ASSIGNMENT: Could you give the data below again exactly, apart from the pictures?

PROVIDED MATERIAL START

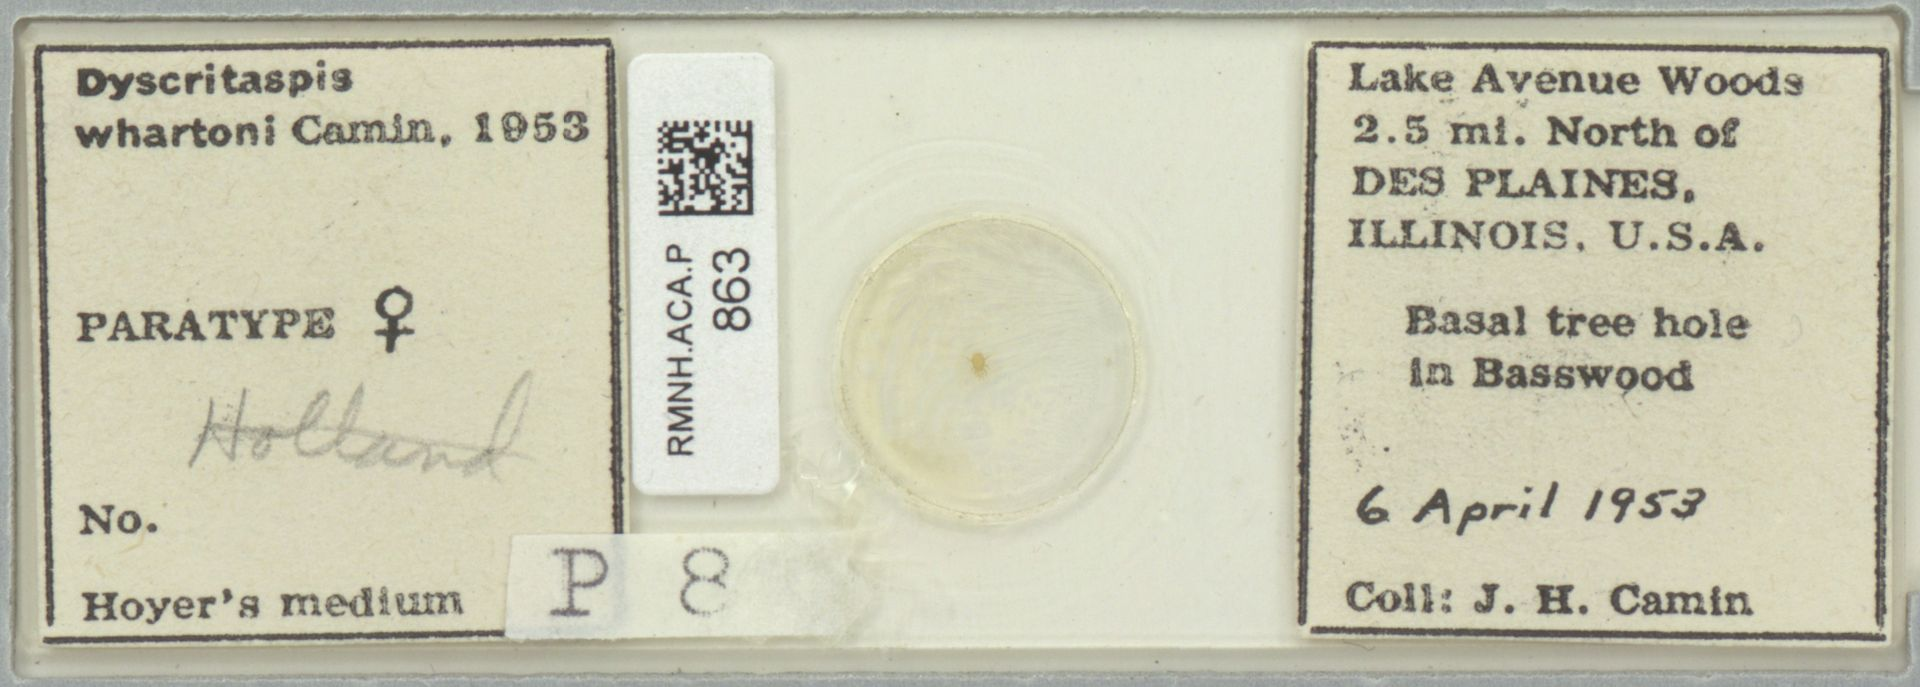 RMNH.ACA.P.863   Dyscritaspis whartoni Camin, 1953
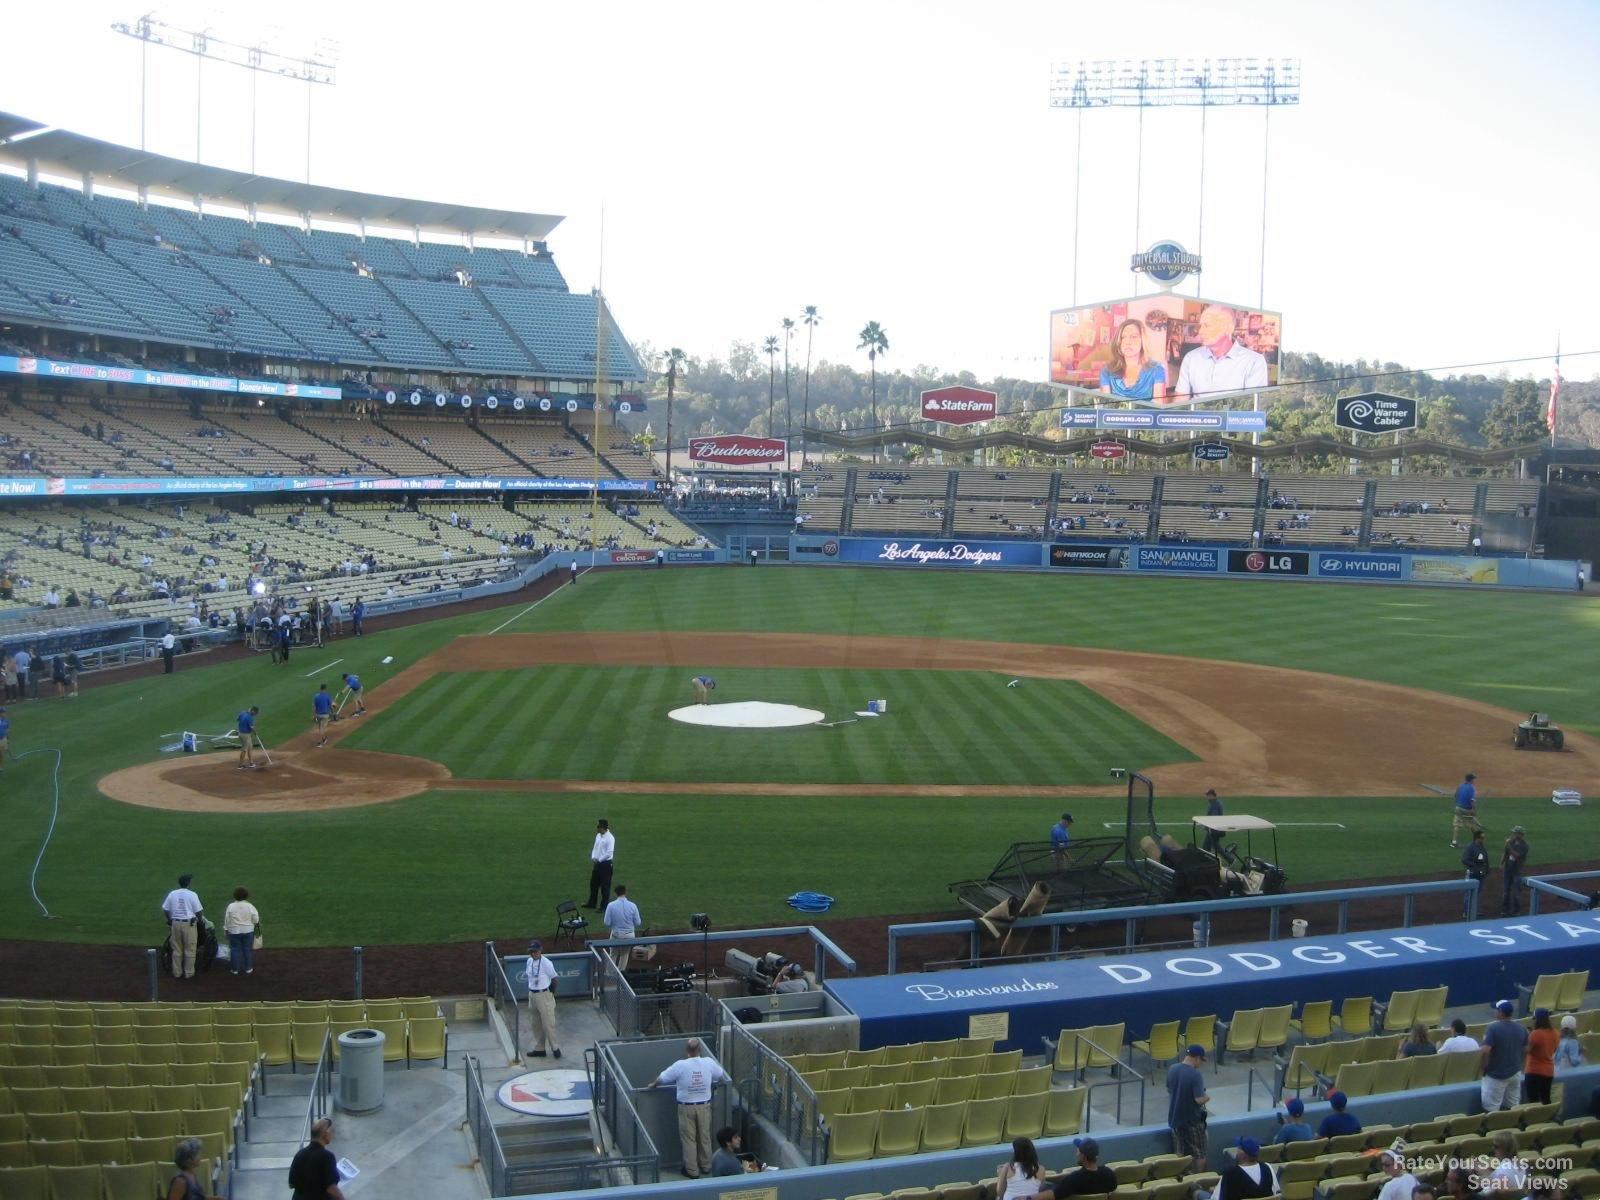 Dodger Stadium Section 126 - RateYourSeats.com
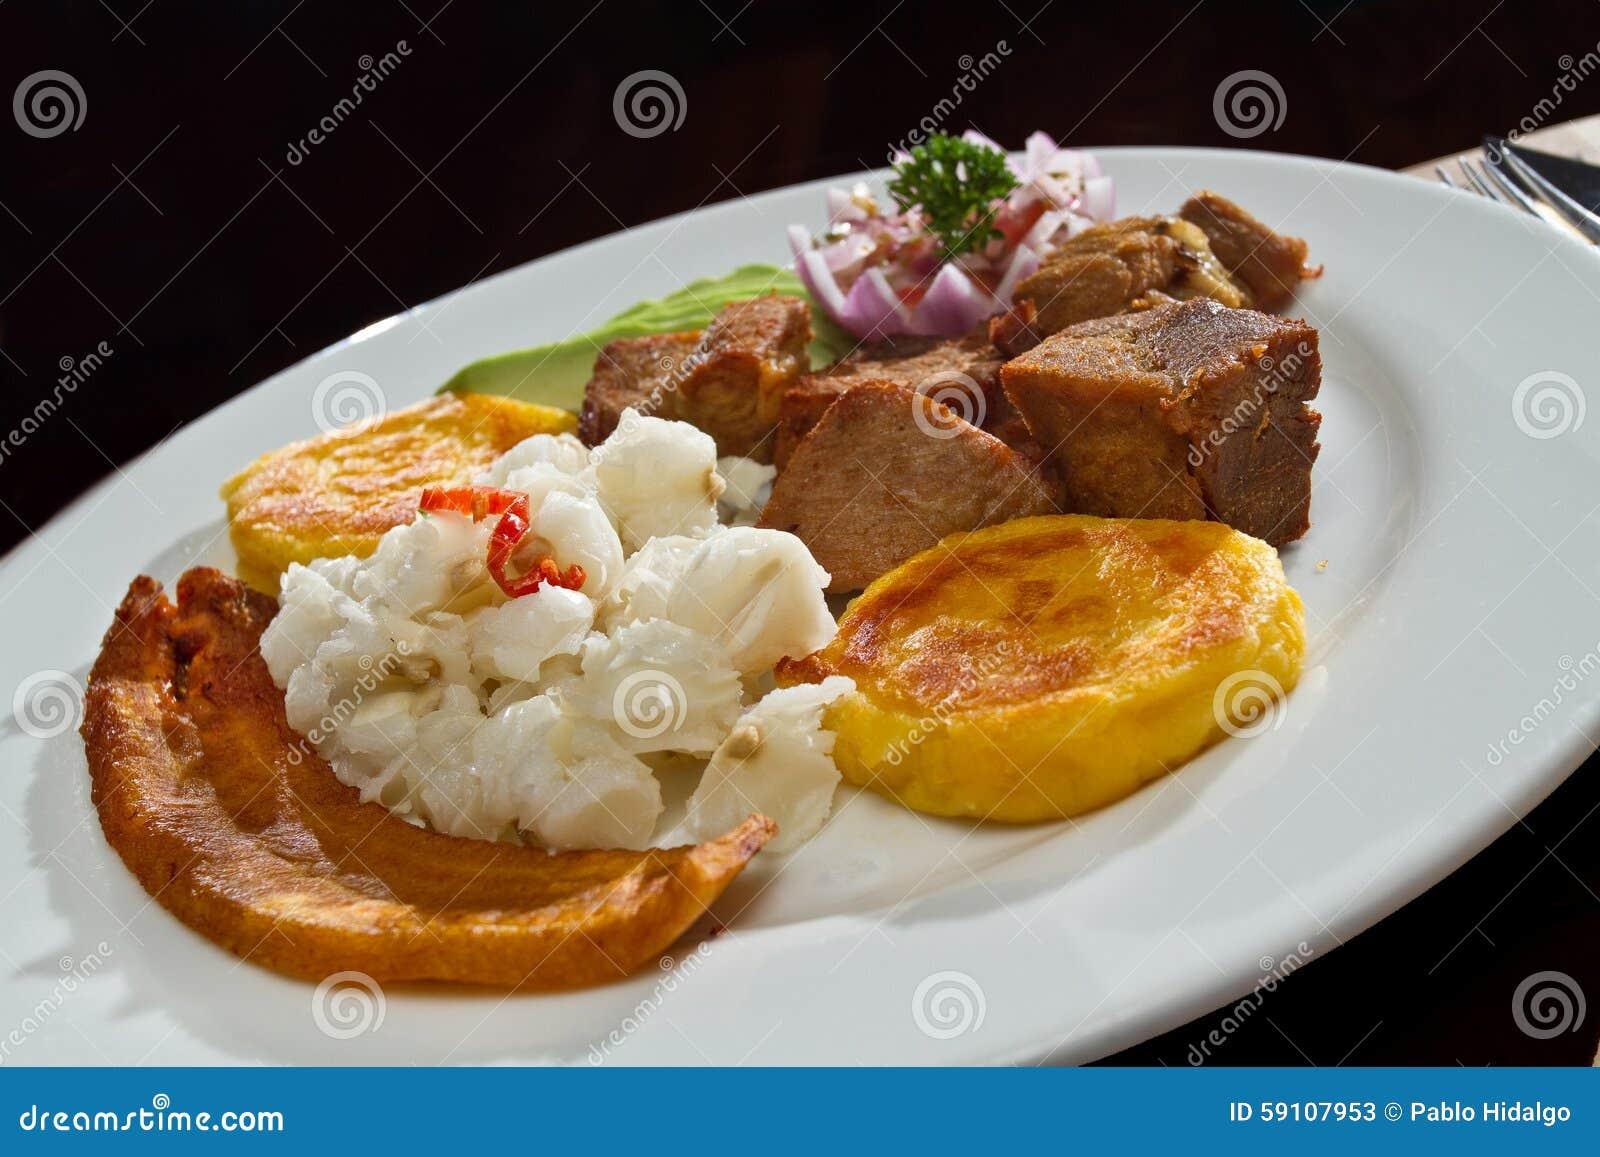 Fritada,油煎的猪肉,典型的厄瓜多尔食物
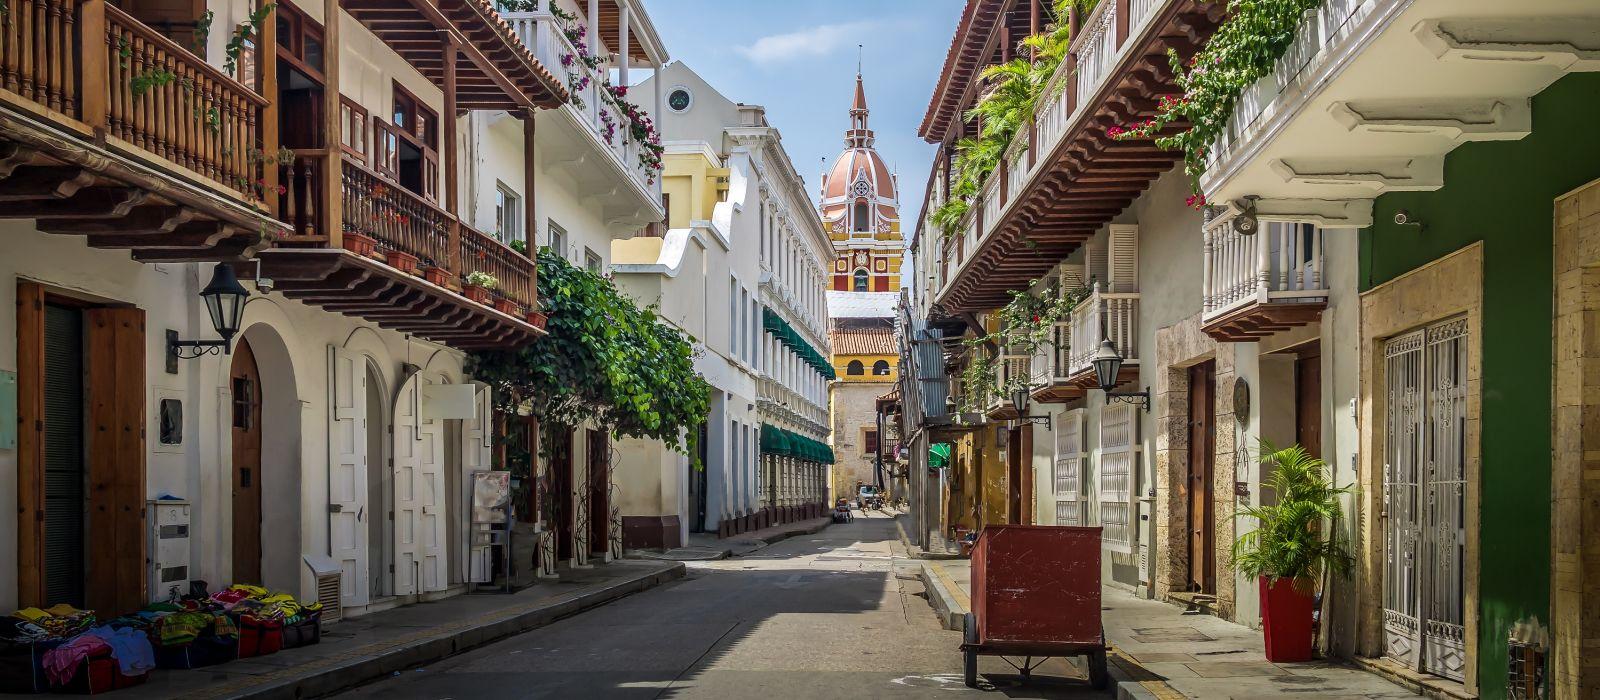 Kolumbien: Cartagena, Kaffeeregion & Isla Baru Urlaub 2

PROVIDED MATERIAL END

SOLUTION:
 RMNH.ACA.P.863   Dyscritaspis whartoni Camin, 1953
 Dodger Stadium Section 126 - RateYourSeats.com
 Fritada,油煎的猪肉,典型的厄瓜多尔食物
 Kolumbien: Cartagena, Kaffeeregion & Isla Baru Urlaub 2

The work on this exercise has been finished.